I have the following function:

def function(arguments, process_number):
    calclulations that build vector_1 and vector_2 of size 100000 each
    return vector_1, vector_2

I need to run this function in parallel, for 200 different values of process_number. I am not interested in having an output ordered by process_number, so I am using apply_async(), in the following fashion:

def parallelizing():        
    number_of_process
    pool = mp.Pool(mp.cpu_count())

    size = 100000
    vector_1 = np.zeros(size)
    vector_2 = np.zeros(size)      

    returned_object = [pool.apply_async(function,args=(args, procnum)) for procnum in range(number_of_process)]
    pool.close()
    pool.join()
    for r in returned_object:
        vector_1 += r.get()[0]
        vector_2 += r.get()[1]

So at the end of the day, I just have to add together all the vectors that I get as results from the function I am parallelizing.

The problem is that a big portion of the time used by the process is actually storing memory to build the [returned_object] list, which I think it is really not necessary as I simply need the return of the function to be added and then forgotten.
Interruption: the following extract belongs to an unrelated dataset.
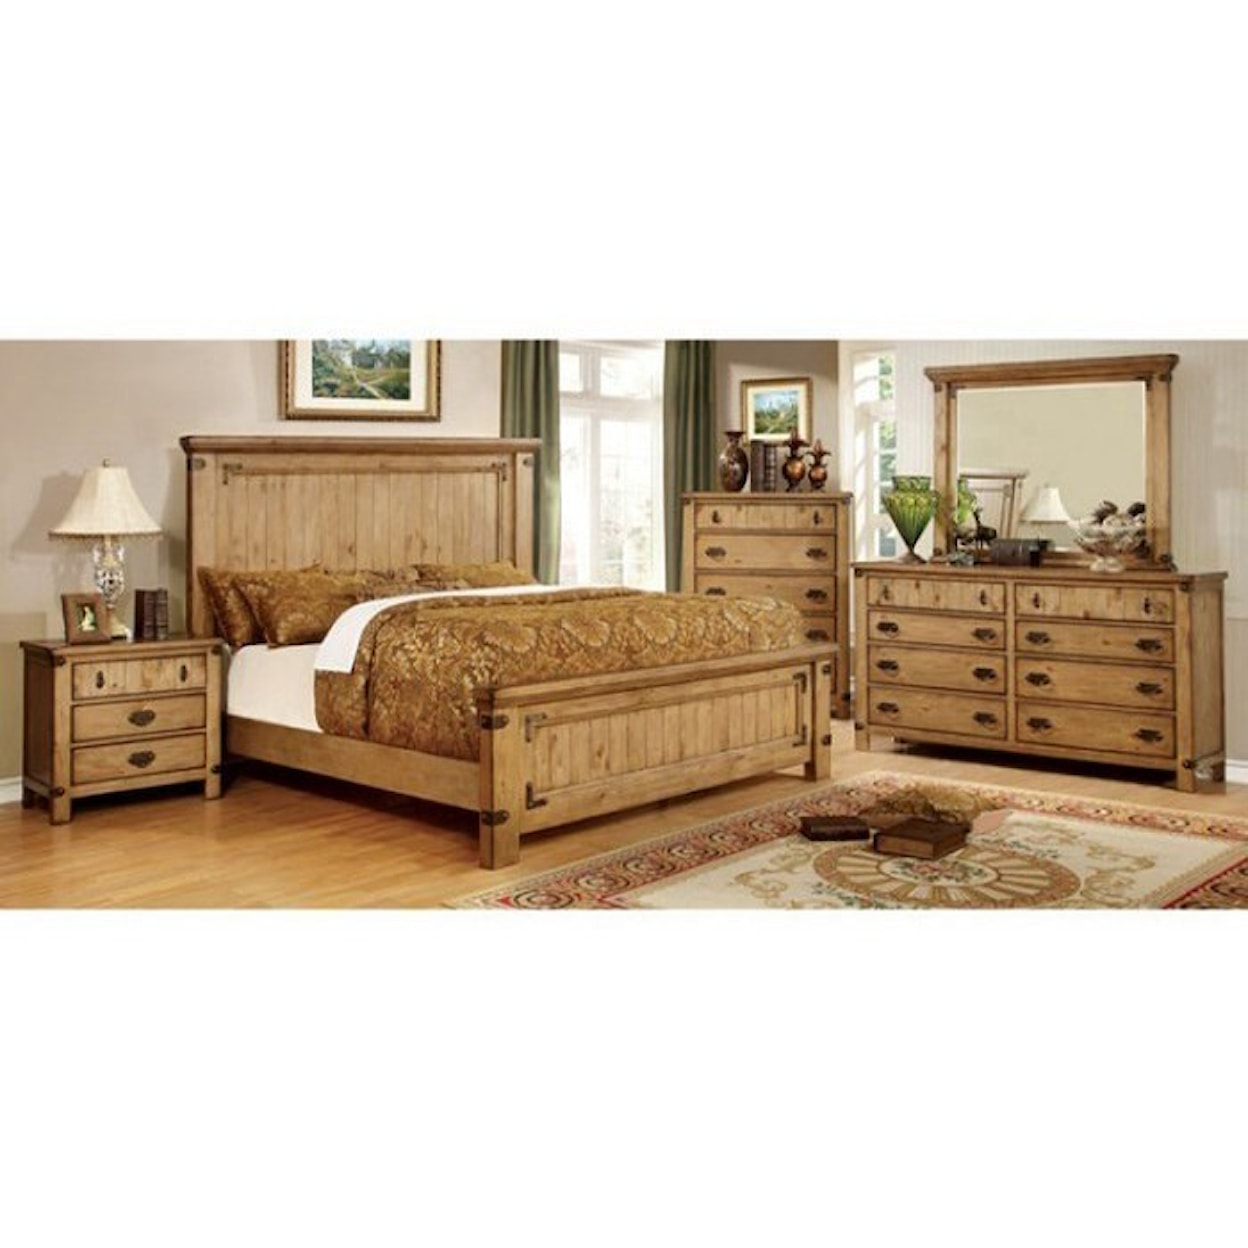 Furniture of America Pioneer King Bedroom Group

So I am trying to avoid building a huge list of objects, each containing at least two vecotrs of floats of size 100000, and get directly into the "addition" step.

Is there a way? Should I define a global variable and write on it inside the function? I fear it might lead to concurrency and screw things up. As I said, I really don't care about getting an ordered result, given that I simply need to add things up.

Edit from Cireo answer down below:

Ok just to confirm if I understood. Instead of using the apply_async method, I would do something like the following:

def function(args, queue_1, queue_2):
     #do calculation
     queue.put(vector_1)
     queue.put(vector_2)

and inside the function that calls the parallelization I simply do

def parallelizing():
         queue1 = Queue()
         queue2=Queue()
         processid = np.arange(200)
         p = Process(target=f, args=(args,queue1,queue2,prcoessid))
         p.start()
         p.join()

What I don't really understand is how, instead of putting things in a Queue which to me seems as computationally intensive as creating a list, I can instead add the returns of my functions. if I do Queue.put() don't I end up with the same list as before?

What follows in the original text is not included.